What started as a one-day conference organized by Stanford University in 2015, Women in Data Science (WiDS) has blossomed into a movement bringing together women data scientists and aspiring data scientists via a series of over 150 virtual and in-person events worldwide, ultimately culminating in the March 4, 2019 main event at Stanford. Microsoft is a proud partner of WiDS; in addition to supporting the Datathon via the webinar, Microsoft also provided Xboxes as prizes.

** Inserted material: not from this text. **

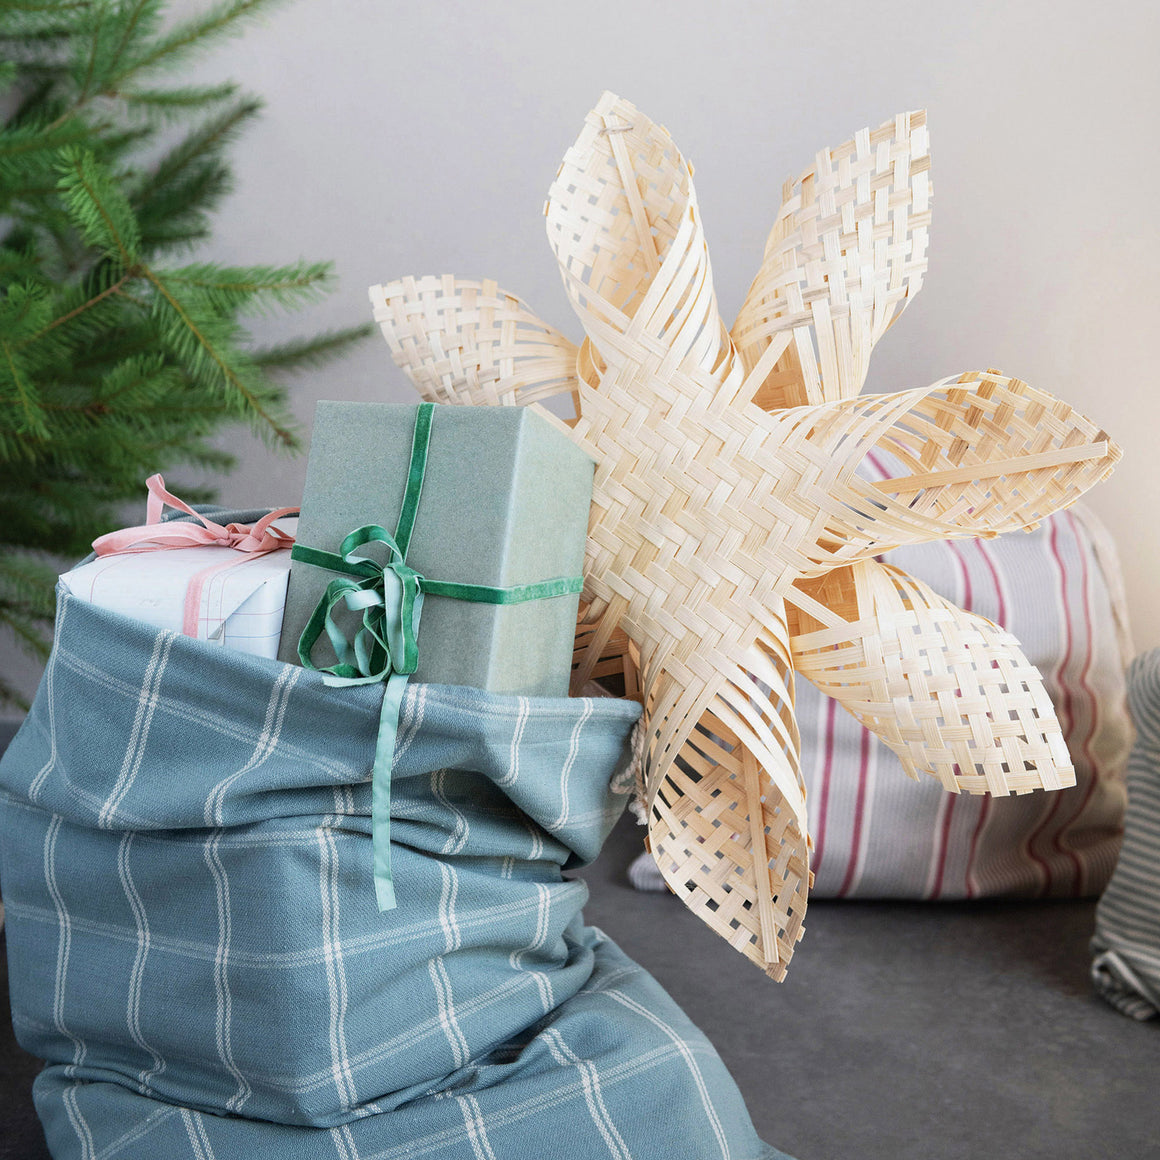 Cotton Gift/Laundry Bag
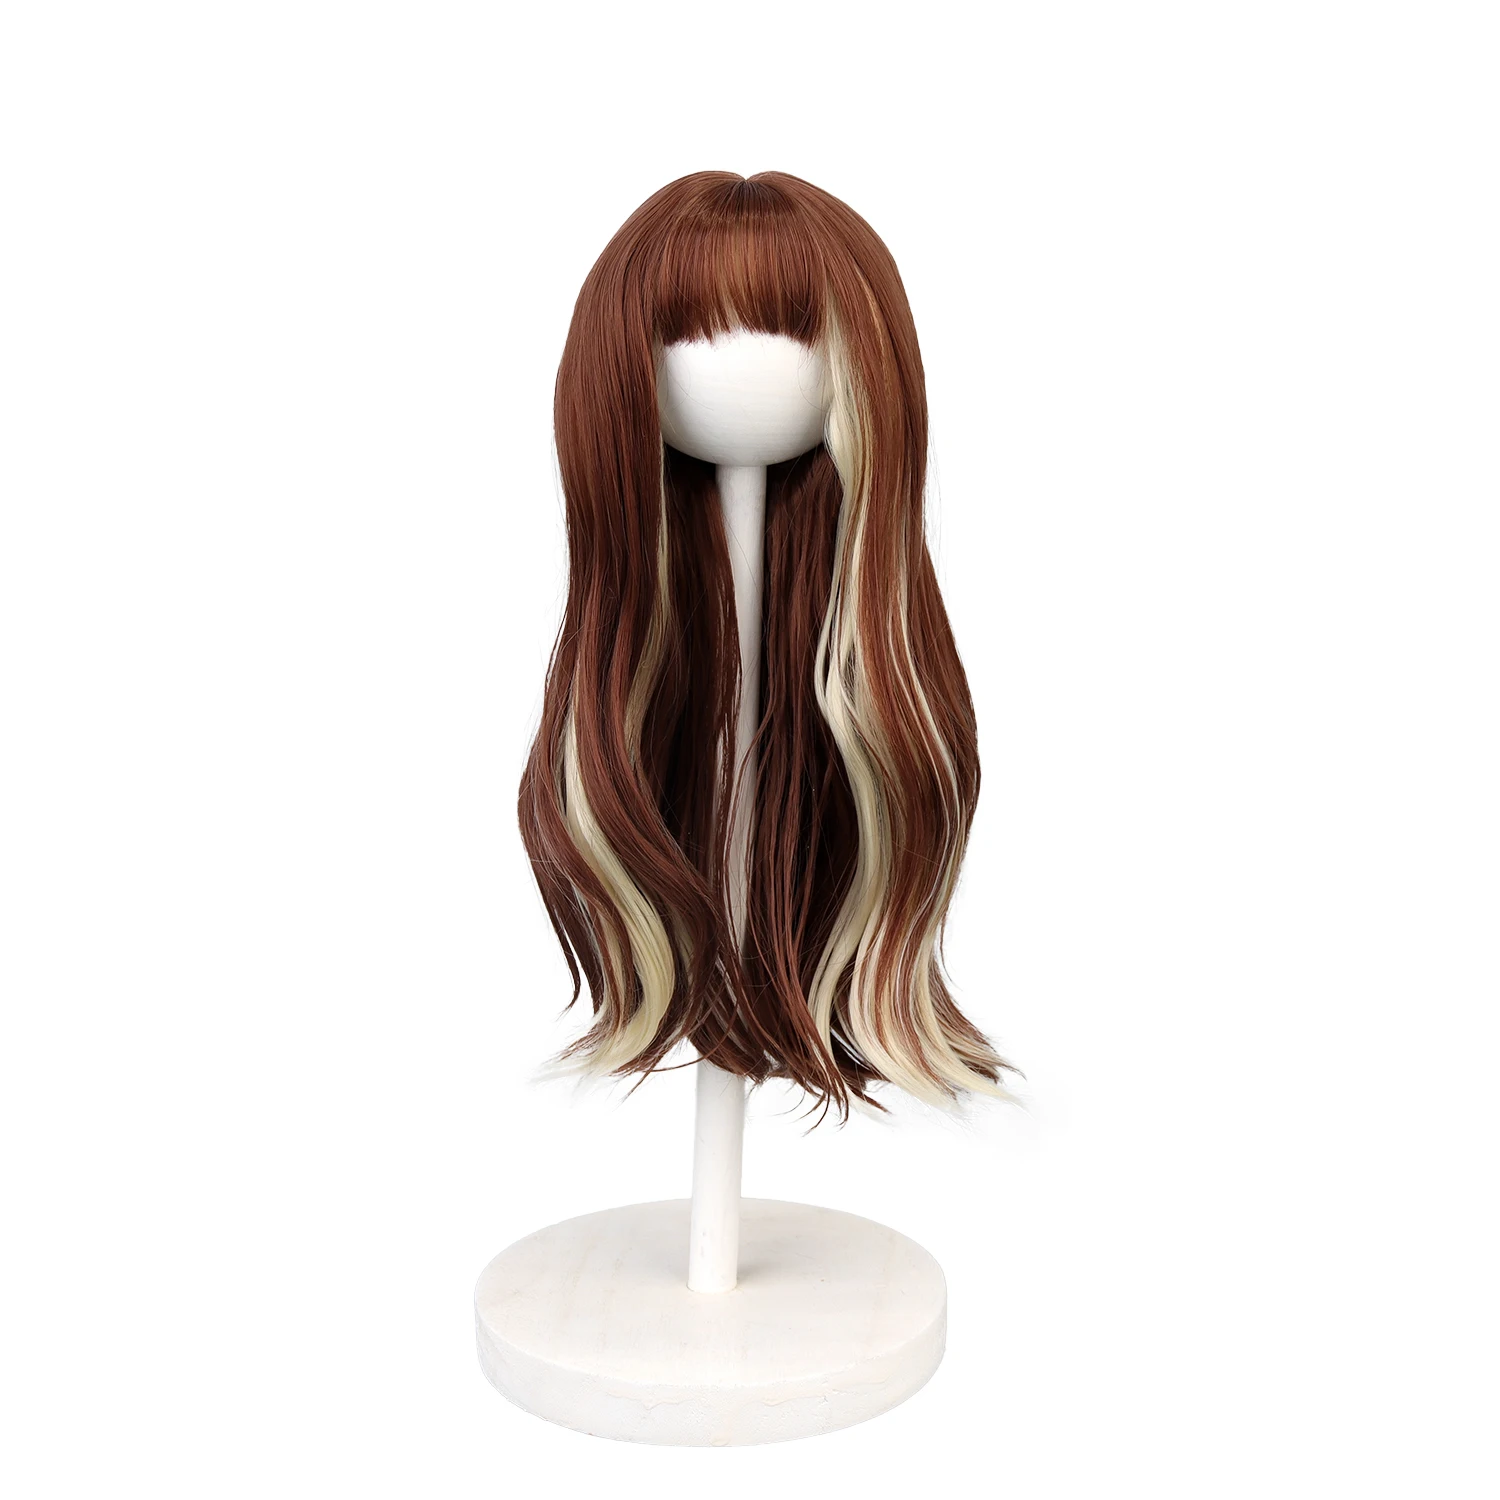 18 Inch American Doll Wigs 27cm Head Circumference Long Wavy Red Brown Blonde Highlight  High Temperature Hair For Doll Girls shine ash brown long straight good quality synthetic wig ash blonde wig for woman 150% 30 none lace full machine made wig

One of the main drivers for engagement is the WiDS Datathon, now in its second year, that kicks off in the weeks preceding the conference, with the winners announced at Stanford during the conference. This year’s Datathon had participants working on a classic image classification problem using computer vision techniques. The challenge to be solved is an environmental one. Rampant deforestation caused by oil palm production (oil palm is a common ingredient across products in everyday use) has led to devastation of the eco habitats of many animal and plant species. One way to get ahead of the problem is to identify where the deforestation is taking place. These are remote regions and satellite imagery is an effective means of smart detection and intervention. Planet provided a set of hi-res satellite images and Figure8 helped annotate them and created a training, testing and holdout dataset for the Datathon. The Datathon has led to workshops in several countries with participants coming together to form teams to solve the challenge.
Datathon rules allow for teams of up to four people, with the requirement that at least half of each team be female or identify as female. Within weeks, the Datathon attracted over 200 teams. I took a shot at solving the problem using Microsoft Custom vision, one of the cognitive services available on Azure. Using the custom vision UI, I was able to build a classifier with a handful of training images within minutes. Extending the classifier to include hundreds of images was easy using the Python SDK for Custom vision. Such is the power of cognitive services in Azure; you can build a transfer learning-based powerful image classification algorithm with less than 100 lines of code. The model improved by simply continuing to add more images from the geo-images training dataset to the existing custom vision model, which was a simple and effective demonstration of the importance of increasing training data for higher model accuracy.
|Training images count||Precision||Recall|
This democratization of machine learning tools is an important factor in opening up the field of data science to a wide audience of data science students and practitioners. The other factor, especially relevant to attracting women to data science, is the focus on socially relevant datasets and problems, such as this year’s oil palm classification problem.
Data science for social good is an important sub field within the data science community with efforts such as the annual Workshop on Social Impact at KDD and efforts such as the Data Science for Social Good Summer Fellowship started at University of Chicago and now offered by University of Washington, University of British Columbia and other universities. The emphasis on leveraging data for altruistic goals is also evident in computer science departments across higher education that are currently pivoting to data science education. For example, the Data Science program offered at the University of California Berkeley, based on real datasets, has been a great catalyst in getting women into computing in unprecedented numbers—half the enrolled students are women, in contrast to traditional computer science courses. Greater numbers of women skilled in data science will help to fill the data gap that has created a pervasive but invisible bias with a profound effect on women’s lives.
More broadly than data science, AI has a burgeoning effort of socially relevant subfields that are applicable to a growing demographic of women technologists and students. These include topics such as eliminating bias in AI systems through fairness, accountability and transparency, secure machine learning, privacy, ethics, policy impacting and domain specific machine learning.
This year, the WiDS Datathon has resulted in regional Datathon workshops around the globe, for example, the WiDS Data Collaboration Day at UC Berkeley, and a meetup at the Microsoft New England Research and Development center.
Congratulations to all participants – visit the WiDS Datathon page for the full list of winners. We look forward to continuing our engagement with the growing community of data scientists as they tackle challenges that will have positive lasting impact on research and technology!